Little did anyone know. In the three decades since the end of the demonstrations, an anniversary marked this week around the world but not in Beijing where the bloody events unfolded, China has become more authoritarian, less tolerant, increasingly militant and less flexible.
The formerly insular society has turned aggressively outward. Once a threat mainly to its own repressed citizens and Taiwan, which it regards as a renegade province, China now has tentacles reaching around the world.
There was a time when Westerners thought that trade would pull China into the liberal order. But U.S. efforts to link most-favored-nation trading status to human rights issues didn’t move the needle. De-linking them hasn’t either. China has done what seemed unlikely — boosting the standard of living in the world’s most populous country without granting the political and civil freedoms that generally trend with individual economic improvement.
China has gone in the opposite direction, all but perfecting the surveillance state while cracking down on dissidents and perceived threats in ways that conjure memories of Mao Zedong’s Cultural Revolution. More than one million Uighurs, a Muslim group, have been detained for what ludicrously is called “re-education” in concentration camp-like conditions in the western part of the country. President Xi Jinping has set himself up as president for life, earning another comparison to Mao.
Instead of functioning as a liberalizing influence, trade has enabled China to hold course. As dissident Harry Wu documented even before Tiananmen Square, a vast network of prison labor camps supports the economy. China’s huge market enables it to dictate terms to foreign companies wanting to do business there. Greedy and craven U.S. tech companies have helped China
control the internet and police its citizens.
Through Mr. Xi’s brilliantly conceived Belt and Road Initiative, China has invested or agreed to invest in the infrastructure of dozens of countries.
China says the projects enhance “global connectivity,” but they’re also a way for China to spread its influence — and gain intelligence and military advantages — throughout the world. What happens when some nation can’t repay Chinese investment in a strategically located seaport? Will Chinese forces occupy it? Gone are the days when Western powers worried mostly about Chinese ambitions in the South China Sea.

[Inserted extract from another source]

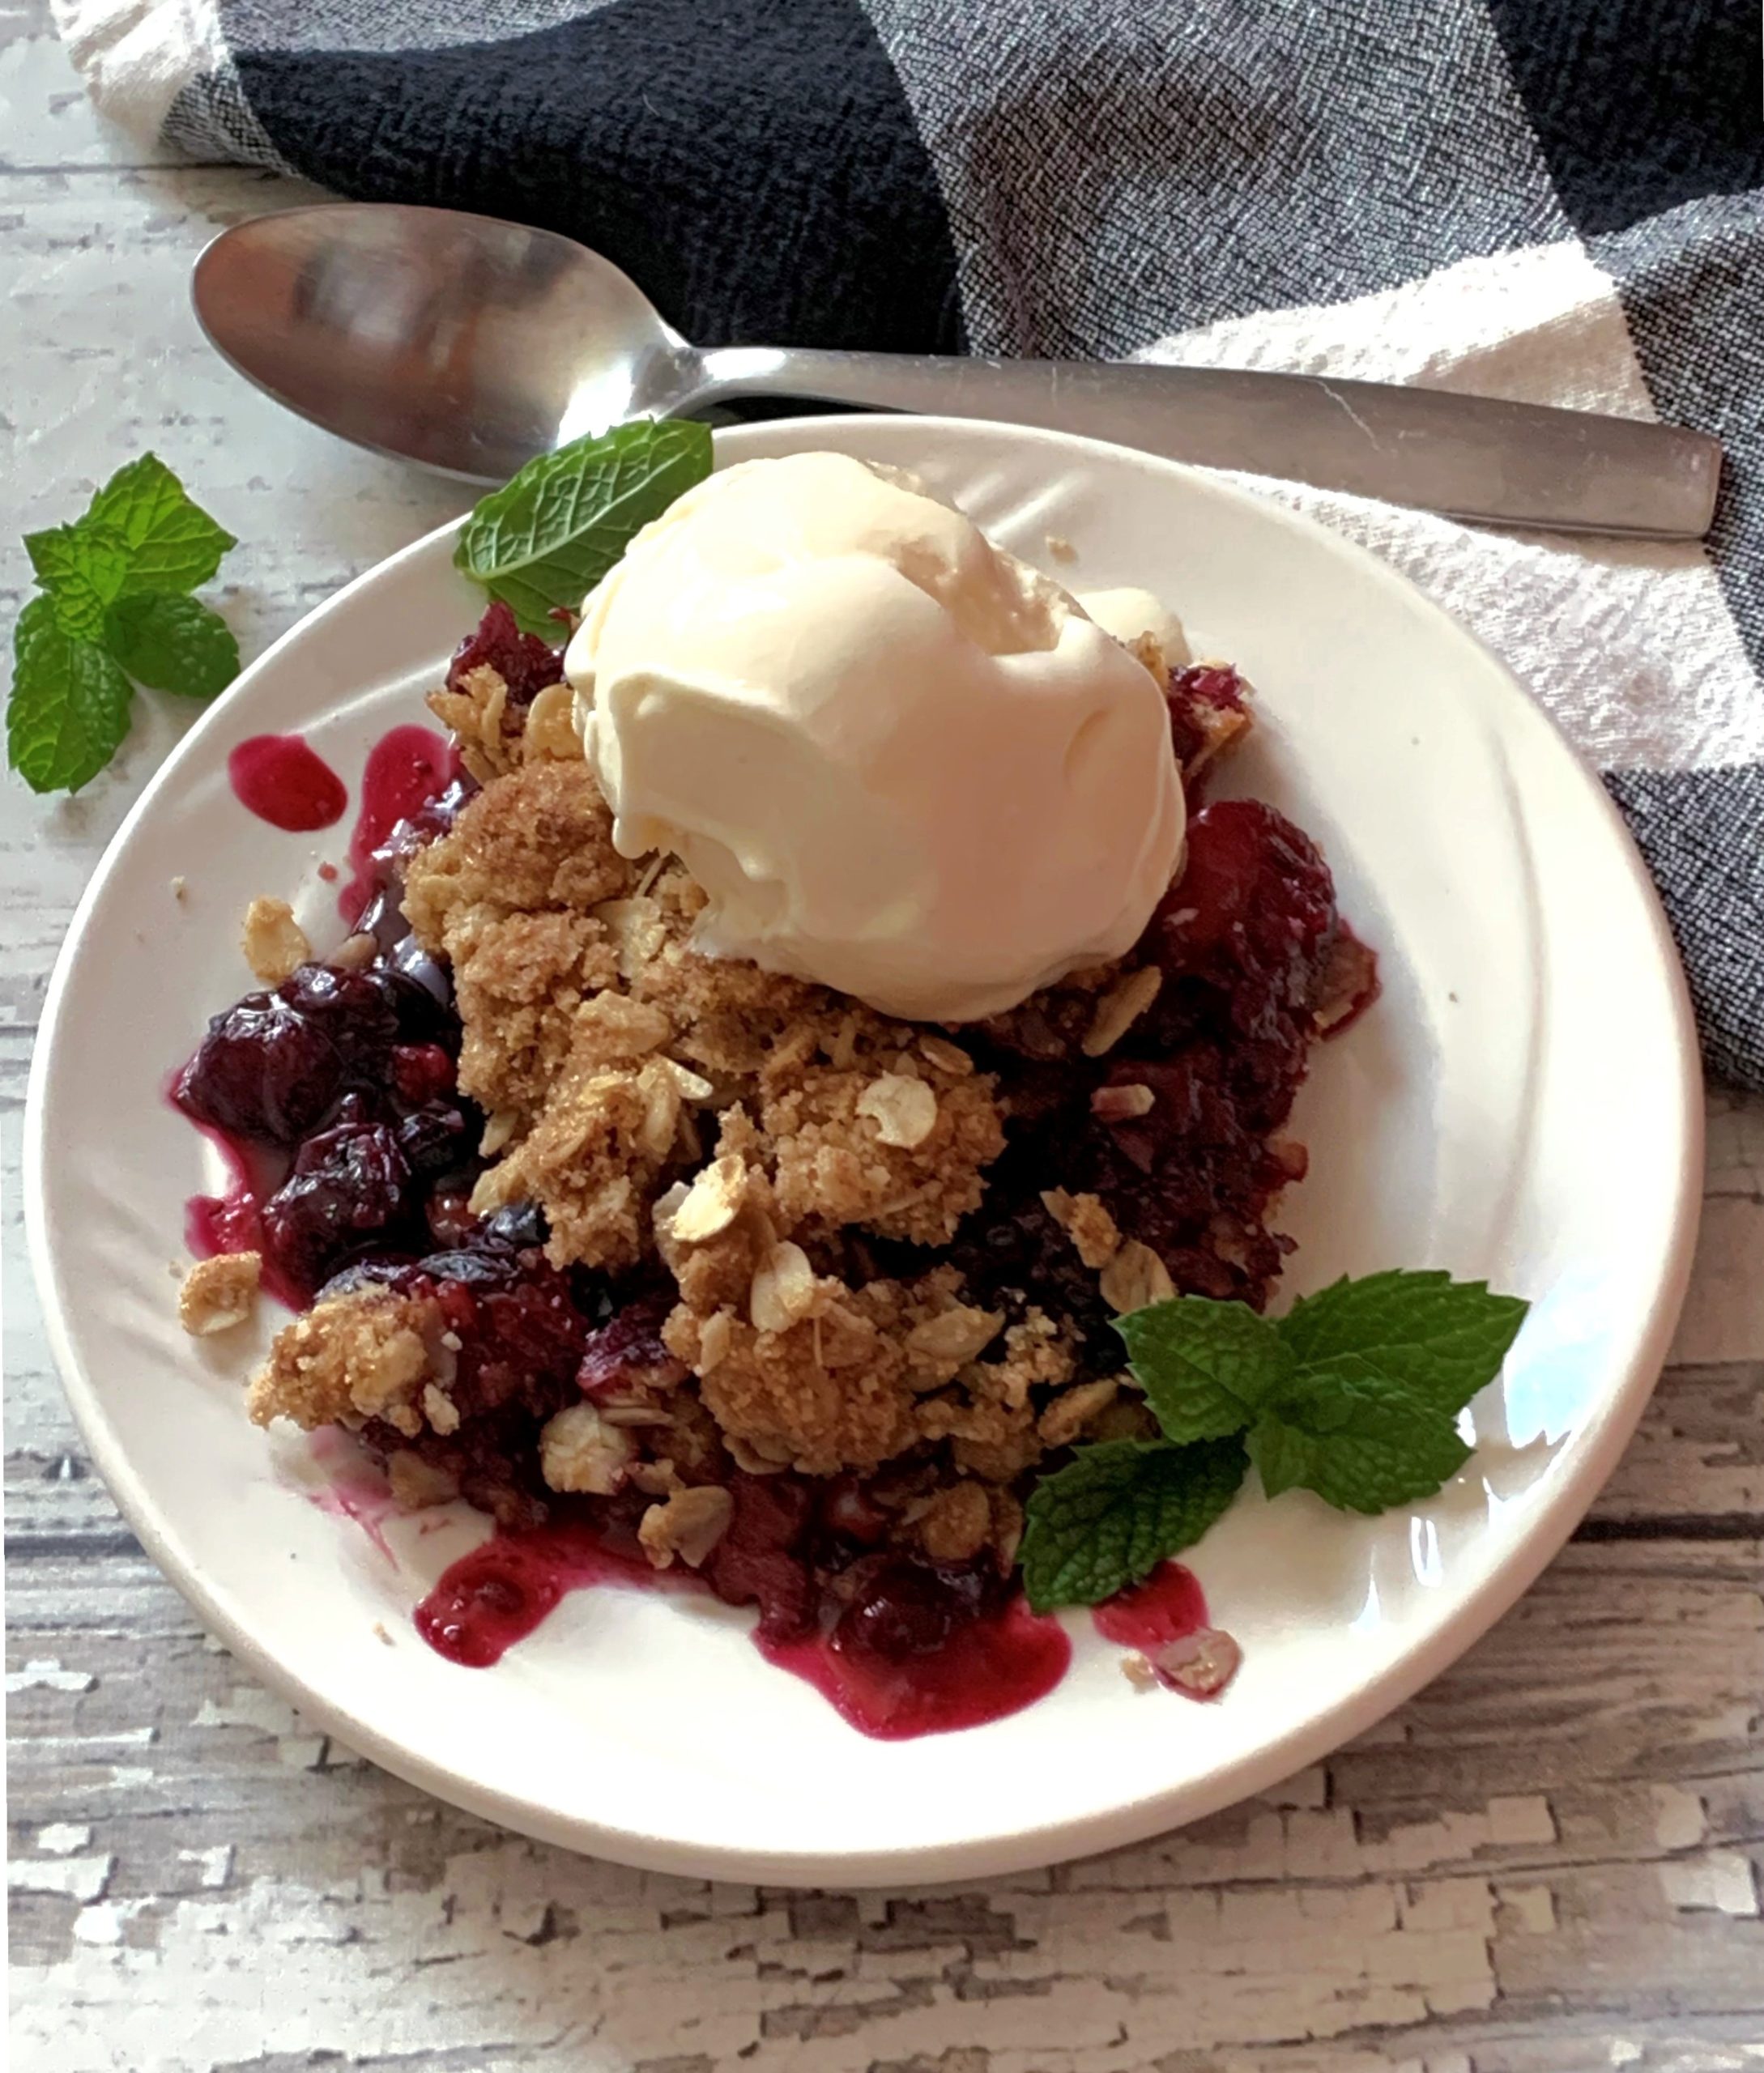 serving of mixed berry crisp topped with vanilla ice cream garnished with mint leaves

Adding insult to injury, China cheats. Its dumping of under-priced goods in U.S. markets prompted the current waves of tariffs. Its military hackers have compromised U.S. companies. It blatantly pirates intellectual property. Chinese-funded Confucius Institutes have attempted to influence learning on U.S. college campuses. There is no end to the ways that China’s corrupt leadership will attempt to advance its interests.
In one of the most enduring images of the Tiananmen Square protests, a lone man — dressed in dark pants and a white shirt, satchel in hand — faced down a column of tanks leaving the square. His defiance is a lesson for the rest of the world, which must resolutely stand up to China’s crimes, repression and chicanery and nurture democracy there whenever, however, it can.